Takeaways for the practitioner
If you are porting object detection to any domain where the target is a parameterised physical object rather than a pixel region — sinusoids, well picks, seismic horizons, lab spectra — resist the reflex to reach for IoU and mAP. Ask first what error a domain expert would actually flag, express that error in the expert's own units, and build your confusion matrix on a tolerance in those units. For borehole fractures the unit is centimetres of depth, the tolerances that matter are 3 cm and 5 cm, and the discipline of reporting both is what turns a model score into something a petrophysicist will trust enough to put in the loop. The metric is not a formality you compute after the model is done. It is part of the model, and on this problem it was the part that decided whether anyone believed the rest — the same floor-first discipline we carry across the operators we have worked with, in the Middle East and the United States.
Key takeaways
- A fracture on an image log is a one-pixel sinusoid parameterised by depth, dip, and azimuth — it has no box and no mask, so IoU, mAP, and pixel accuracy are structurally the wrong metrics: they are blind to depth error and sensitive to amplitude geometry no one cares about.

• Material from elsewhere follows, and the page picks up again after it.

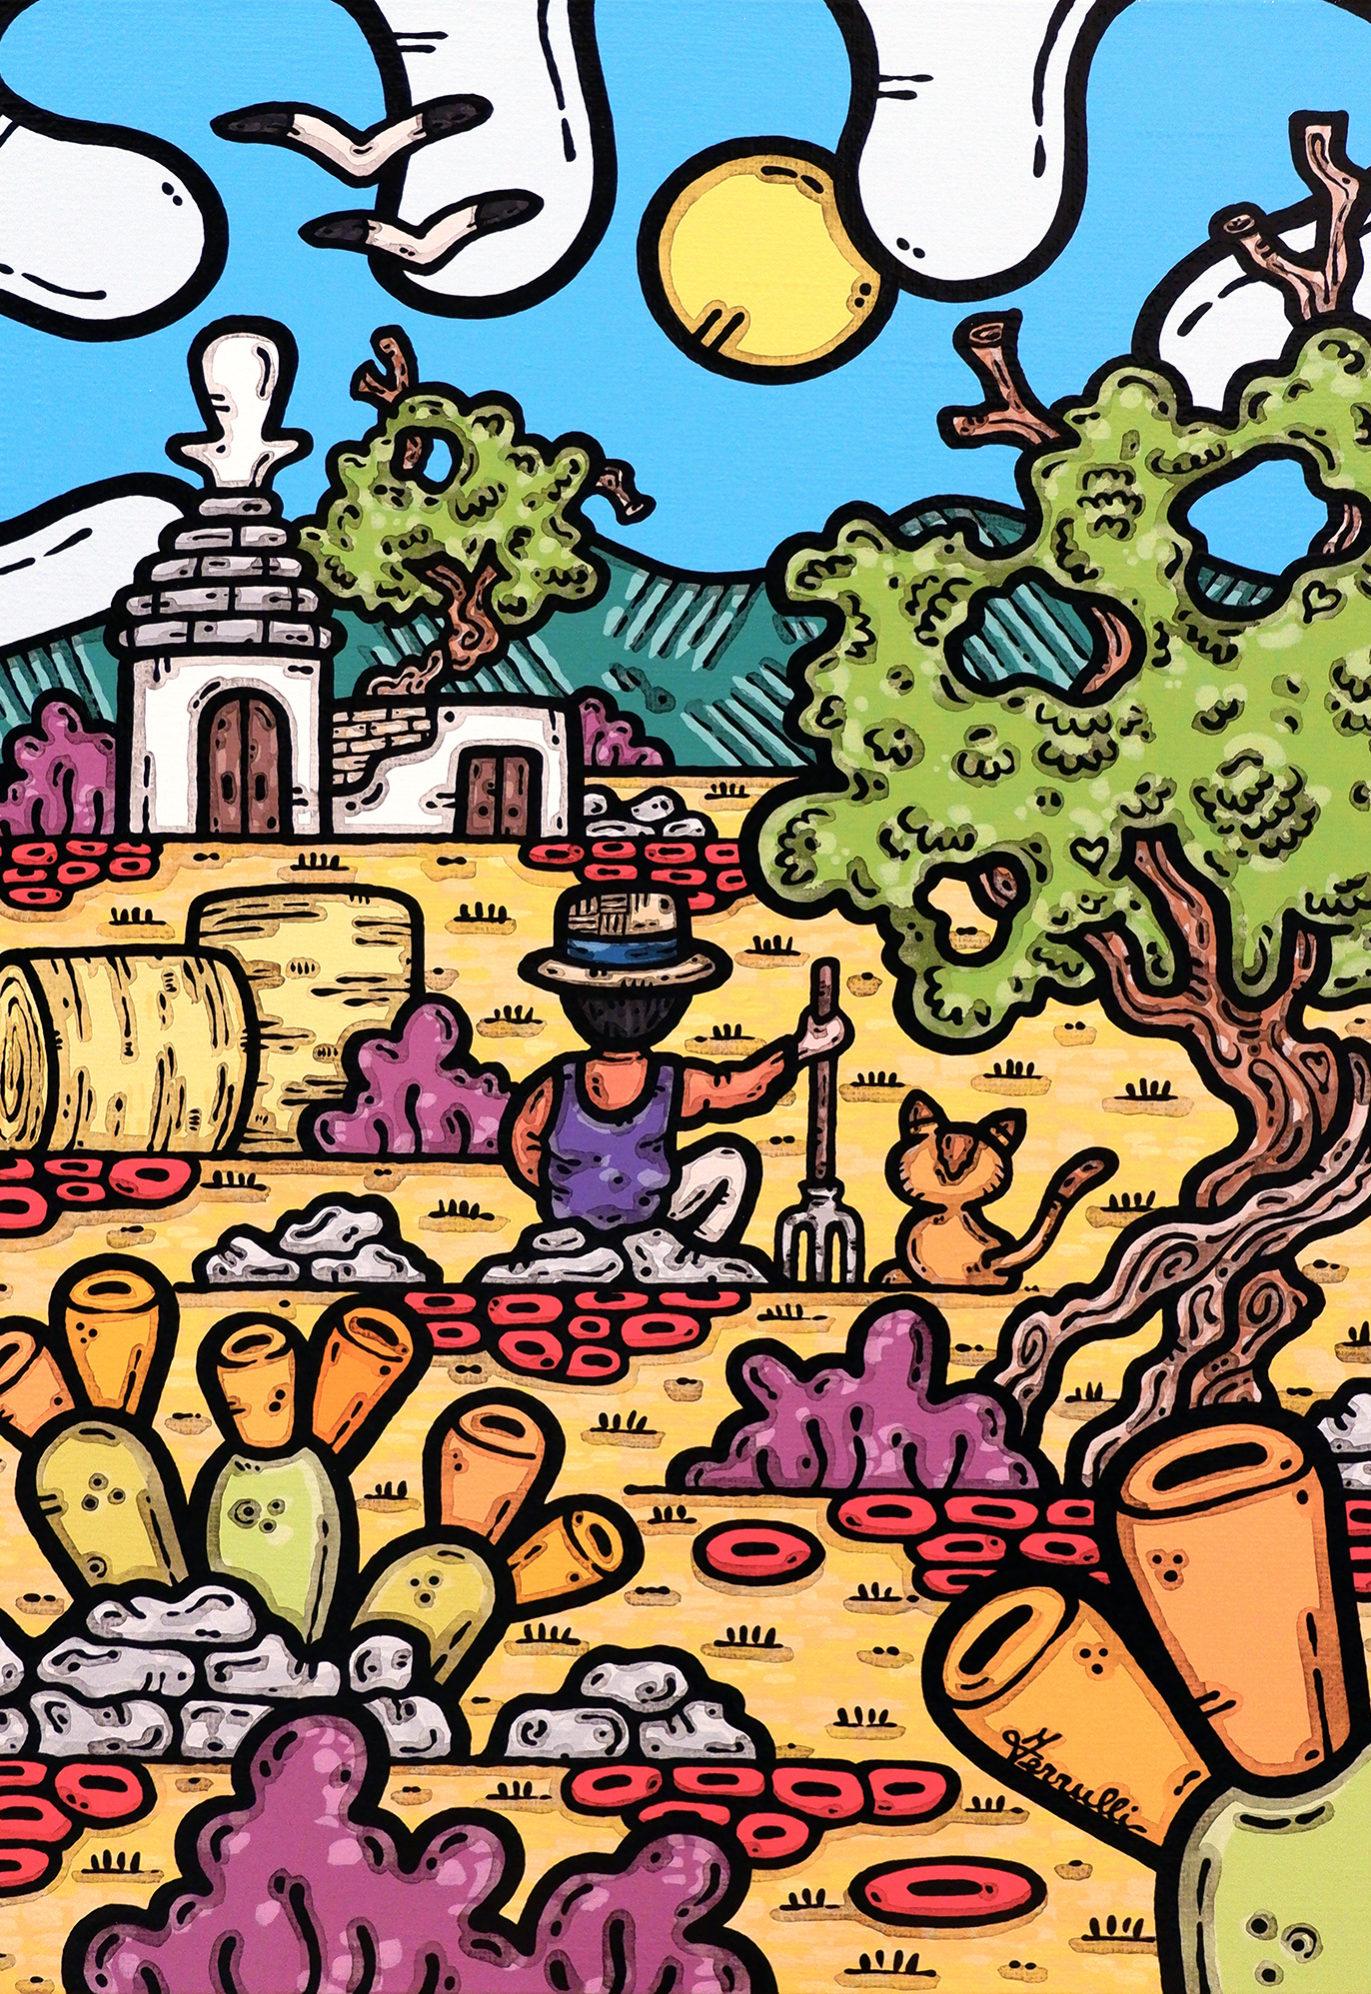 acrilico su tela, dipinto, opera d'arte, contornismo metafisico, art, francesco ferrulli, pittore, italiano, artista, italian artist, arte contemporanea, quadro, colori, paesaggio pugliese, contadino, gatto, ulivo, le mie radici.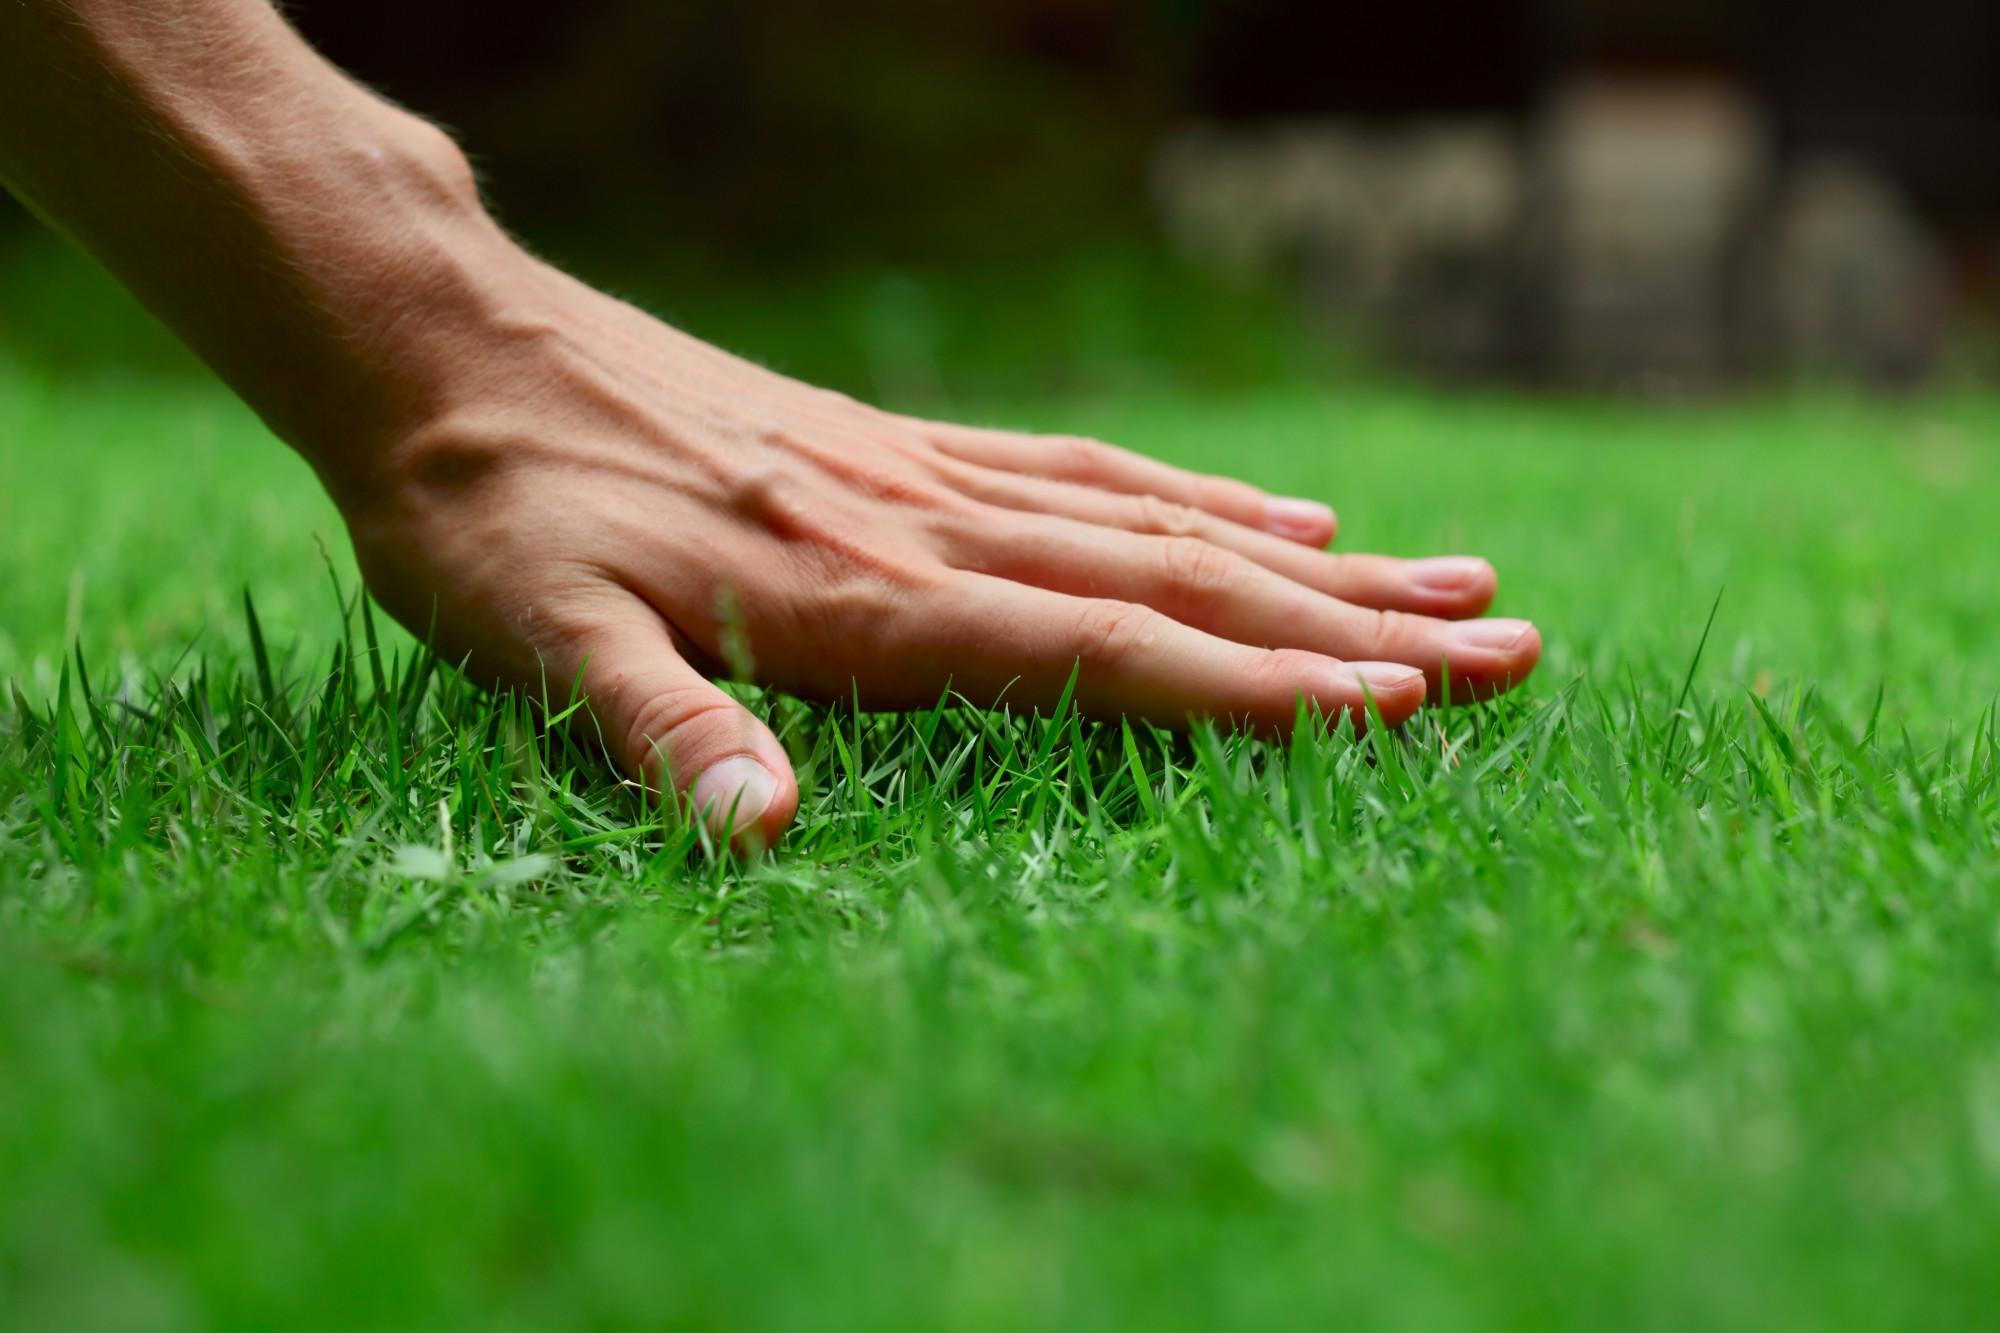 hand feeling lawn

- The sensor sets a hard floor: one log pixel ≈ 3 cm, so a ±3 cm depth uncertainty is baked into the ground truth. Any metric demanding pixel-exact agreement measures the raster's quantisation, not the model — the metric must be tolerant in centimetres of rock by construction.
- The domain-correct metric is a depth-tolerance confusion matrix: a pick within tolerance of a ground-truth fracture is a TP, an unmatched prediction is an FP, an unmatched fracture is an FN. Matching is one-to-one (bipartite), reusing the model's own training-time assignment at test time in physical units.
- Reporting F1 at both 3 cm and 5 cm is the honest disclosure: fractures 65%→75% and beddings 63%→69% as the band loosens, with depth MAE only 1.04–1.20 cm at 3 cm. The ~10-point jump proves the misses cluster just outside the tightest band rather than being wild errors.
- Scoring each axis in its own unit exposes that depth detection is the binding constraint while geometry (dip ~90% at 3°, azimuth ~92% at 15°) is already strong — a structure a single blended 'accuracy' number would have hidden. The same scheme transferred unchanged across vertical/horizontal wells and two different imaging tools, which is what lets it serve as a production acceptance gate.